• What you need to do: Go through the following data and transcribe exactly the stretch of lines from the one holding "1103 Votes and Proceedings" to the one holding "Principles Mens Green", both included.

• Data extract:
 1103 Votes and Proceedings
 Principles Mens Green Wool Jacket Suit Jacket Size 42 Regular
==
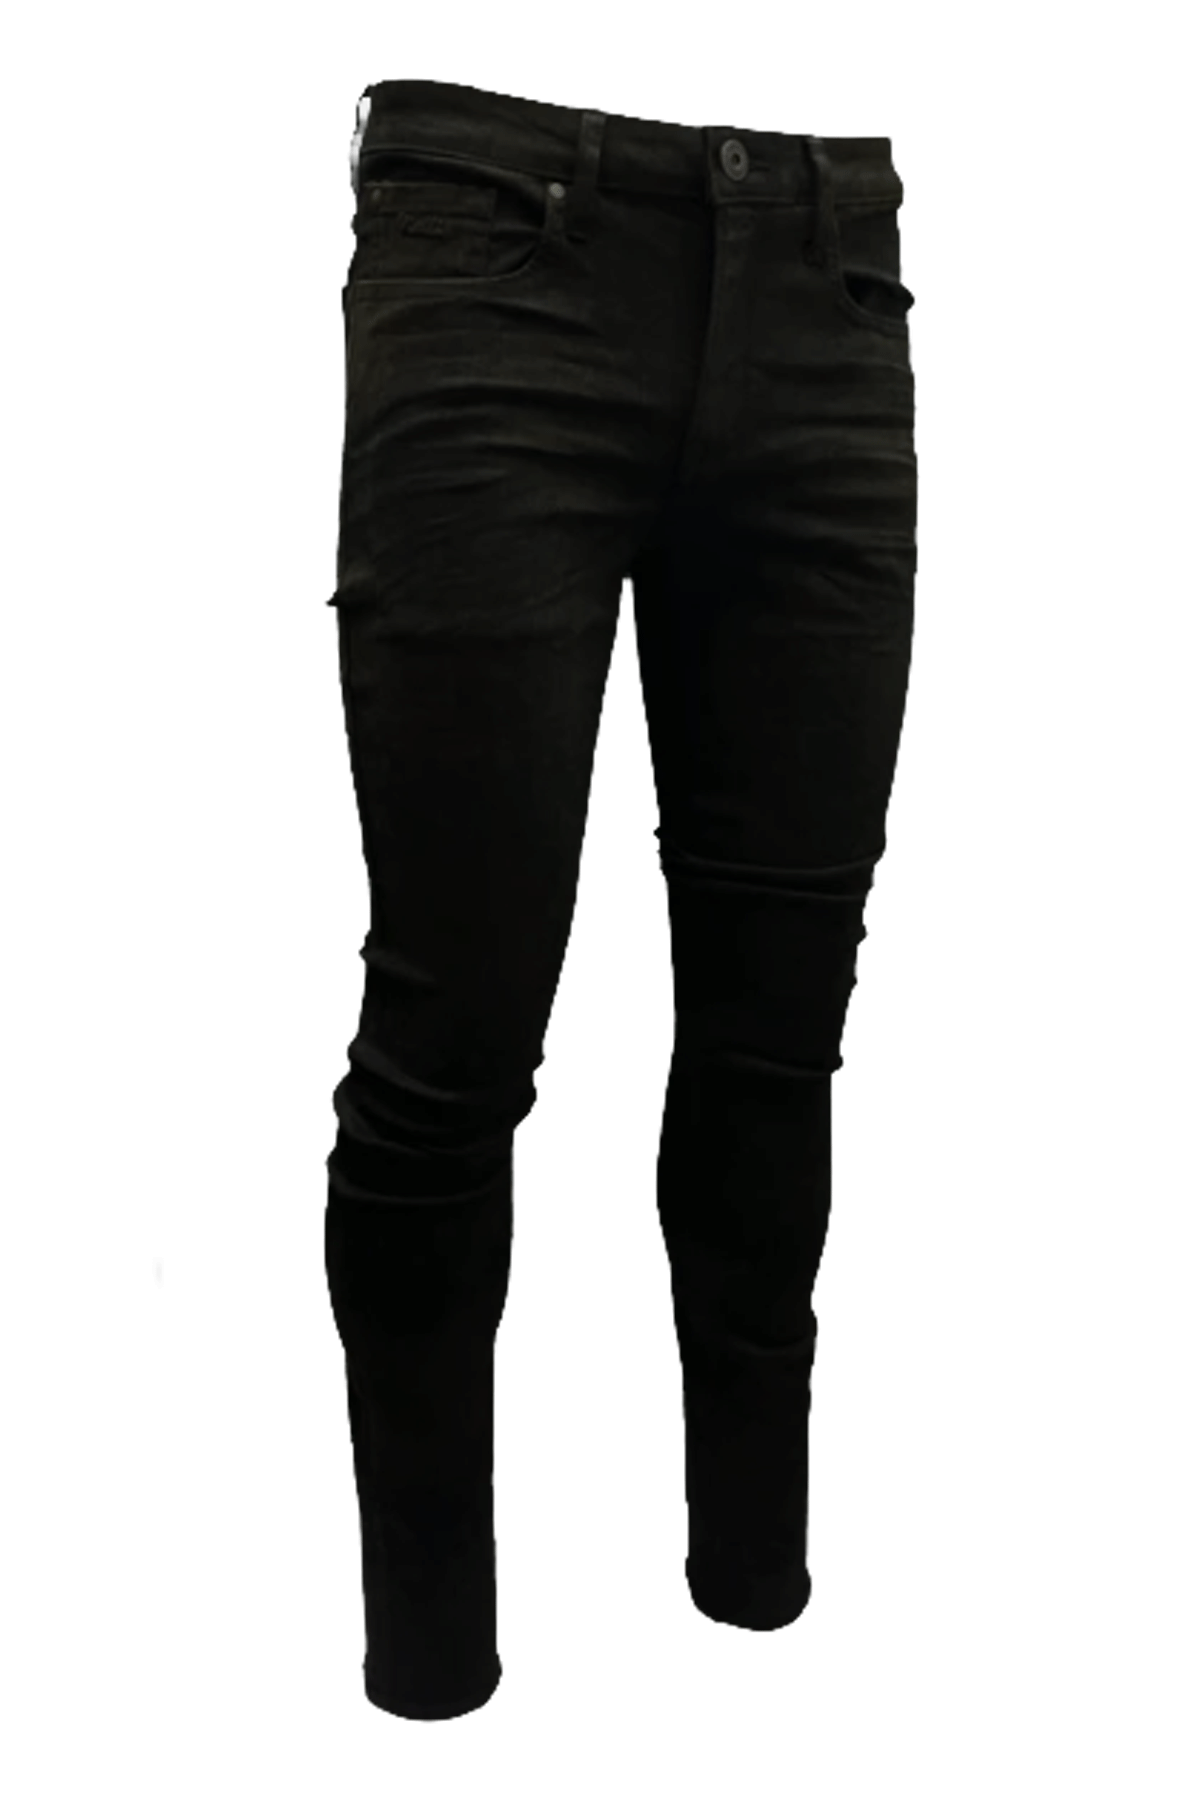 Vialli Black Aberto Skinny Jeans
* * *
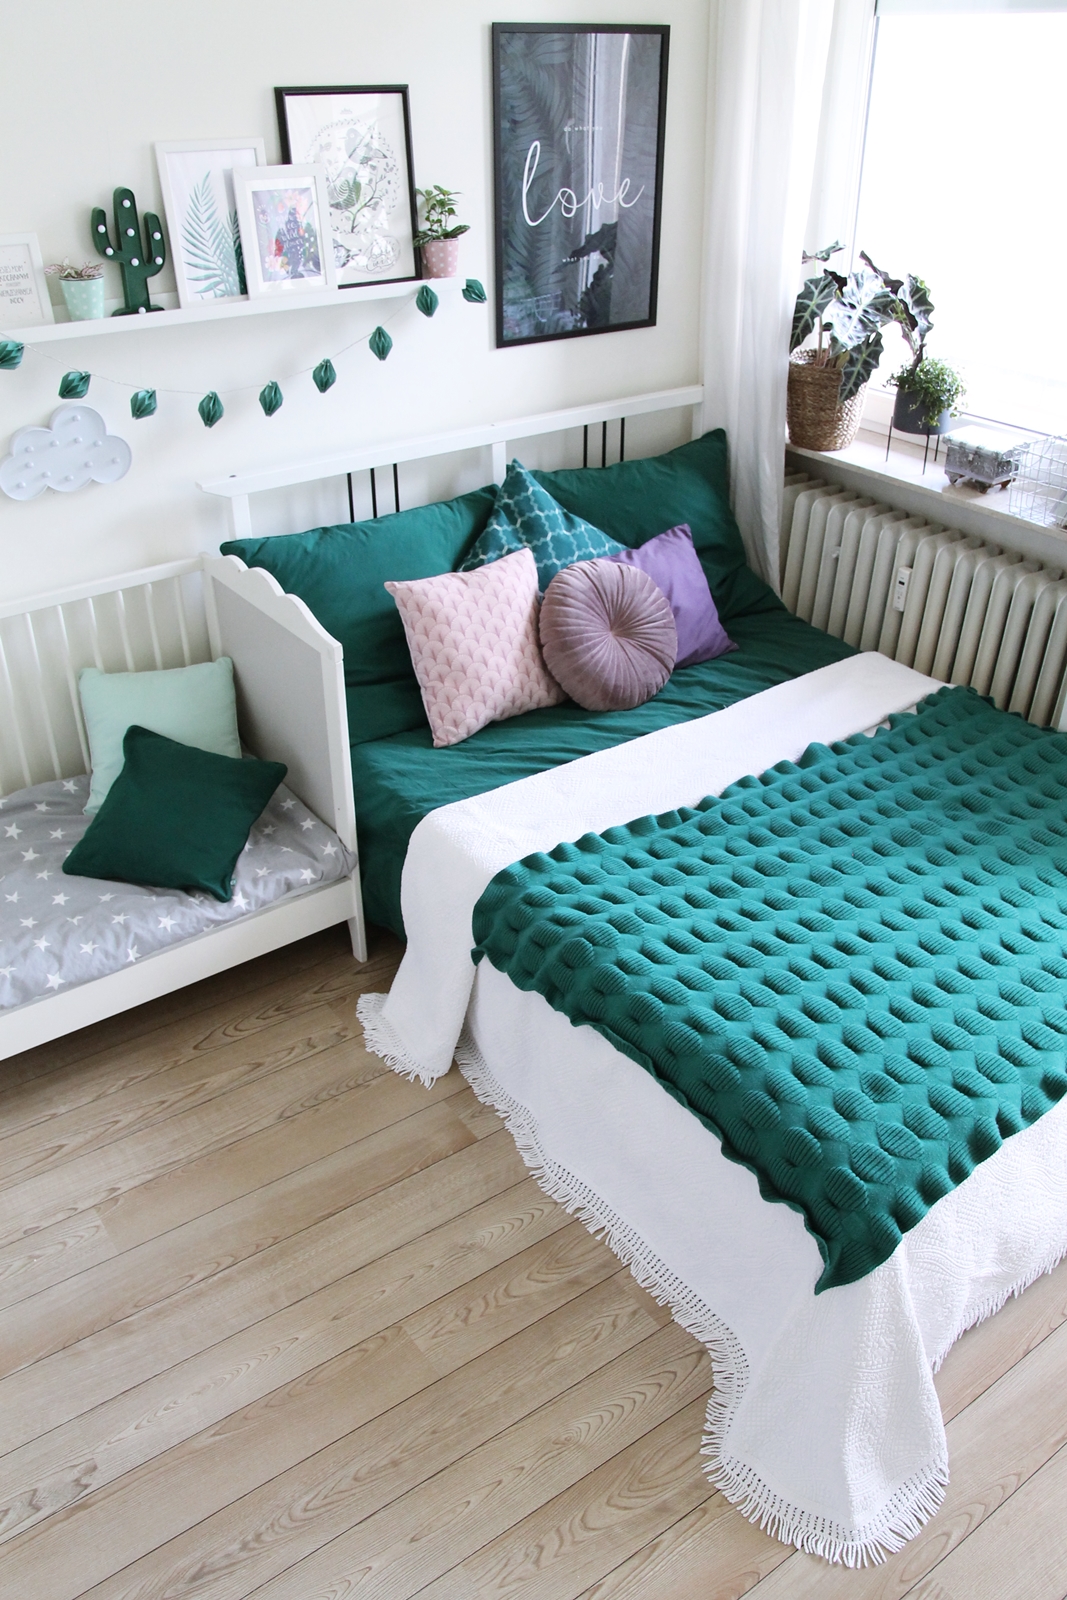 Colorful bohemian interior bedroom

• Expected output:
 1103 Votes and Proceedings
 Principles Mens Green Wool Jacket Suit Jacket Size 42 Regular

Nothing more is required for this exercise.